The merchant laughed and nodded his head. He knew he could get rid of them sooner or later and Henry was a thoroughly good fellow.

The Old Man Who Was Inveigled Into a Poker Game

In a certain New England town, two hustling citizens bought an old hotel which with certain renovations and alterations, soon became an attractive resort for commercial men. And while new customers flocked to the old hotel, the old rural patrons also proved loyal and the hotel did a thriving business.

One evening three enterprising commercial men began looking about for a fourth partner for the purpose of going into retirement for a little tussle with the god of Chance; in other words, they were to play poker. No one turning up to take the fourth place, their attention was called to an elderly man with white hair and a long white beard, who seemed to be quite active for his years and, more as a joke than anything else, they invited him to take part in the game. The old gentleman in question lived on a farm and came from a very rural district, therefore according to the usual precedents, he should be expected to gasp with horror at the prospect of being decoyed into a gambling. game with three thoroughly up-to-date young travelers. Somehow he did not seem to be disturbed by what the game developed into soon after he had taken his seat.

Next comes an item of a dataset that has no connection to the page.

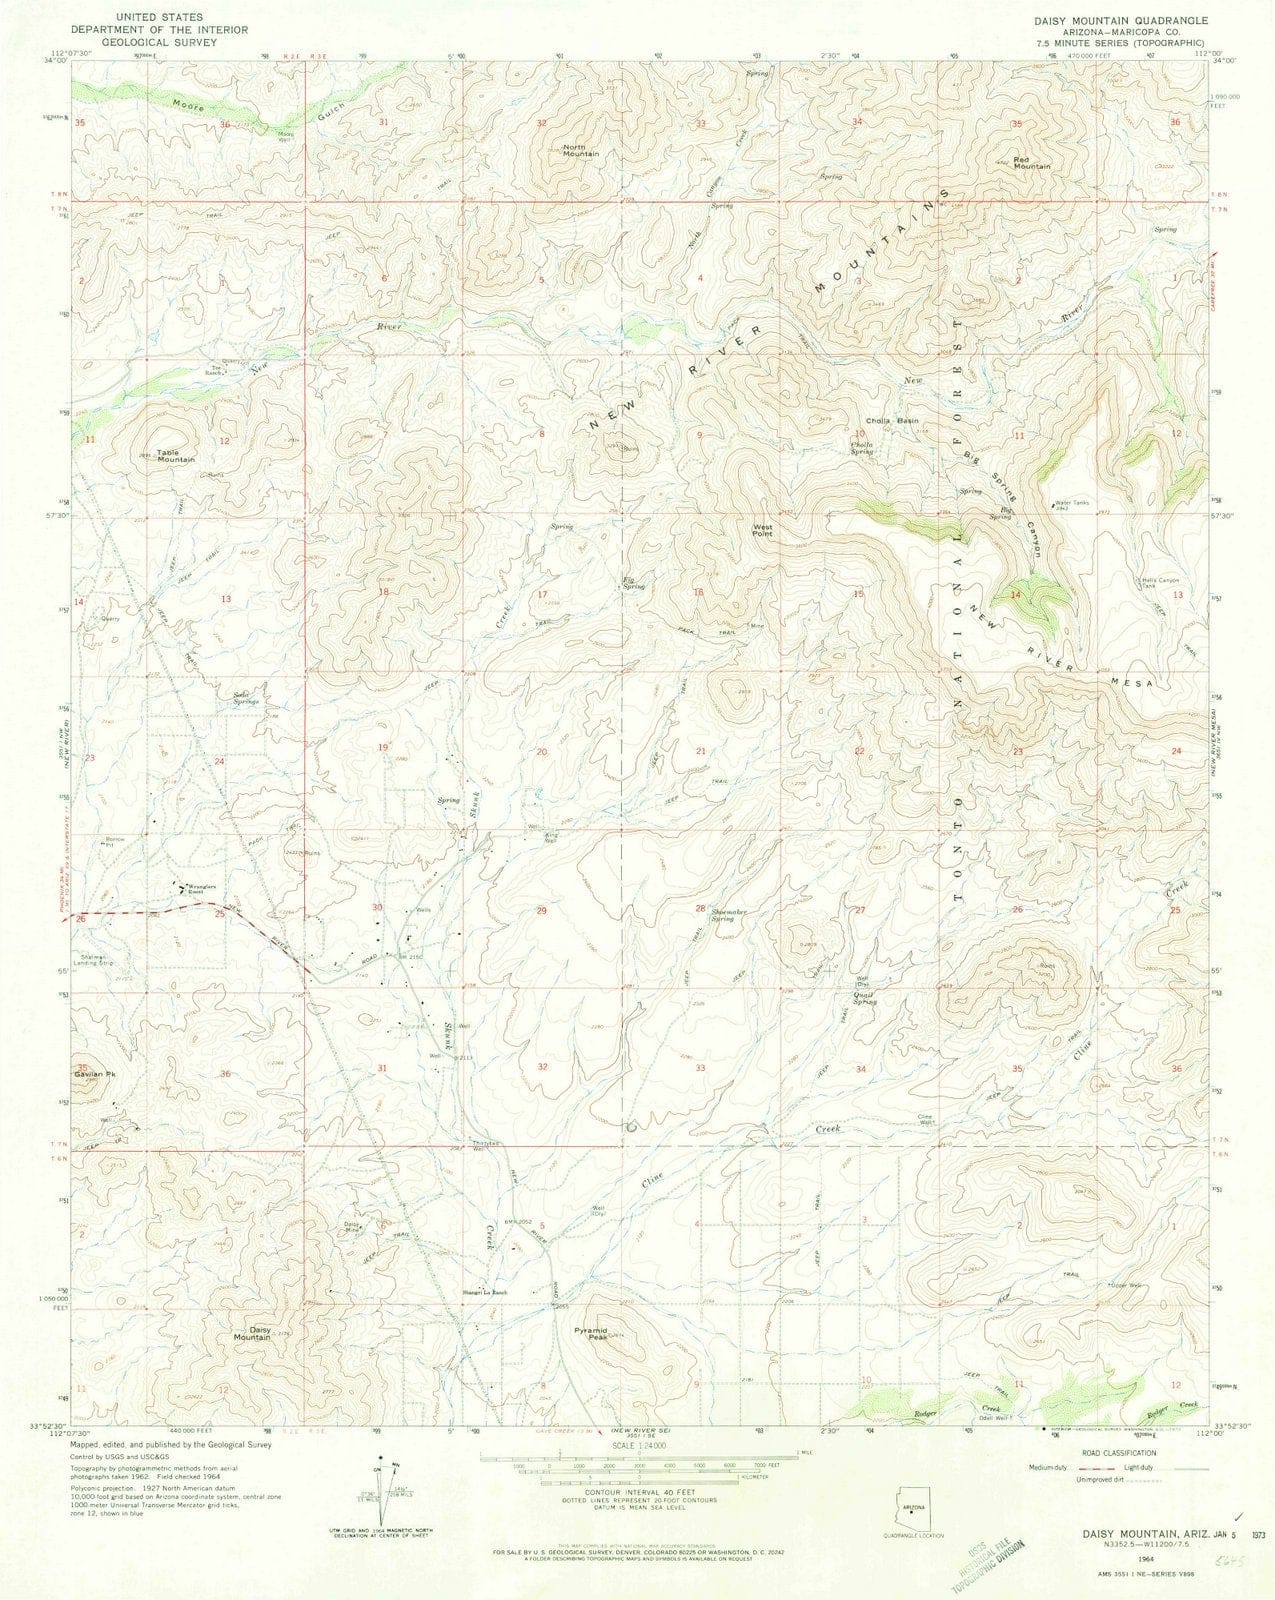 1964 Daisy Mountain, AZ - Arizona - USGS Topographic Map

The traveling men were well supplied with expense money and as they had naturally expected from his moderately prosperous appearance, the old gentleman seemed also to have plenty of 'funds. The contest lasted far beyond the time when the elderly gentleman with the long white whiskers might be expected to retire to rest, but he did not seem to be visibly affected by the late hours. The game finally terminated in time to give the commercial men two or three hours of very necessary sleep, after which they had their breakfast, negotiated various small loans to secure expense money and went their. several ways. The hotel porter, naturally cognizant of everything that happened in the hotel, tersely explained the entire matter in the following words:

"My Lord! Say, do you know that old chap with the white whiskers? He just cleaned those fellows out of every cent they had!"

To those who knew the "old gentleman," whose hair became snow white at a little past thirty and who carried that same luxuriant white hair until he was eighty years old, the above incident is but a glimpse of his many sided characteristics. He could be as generous with those who needed friendly sympathy as he could be merciless with those who attempted to overreach him.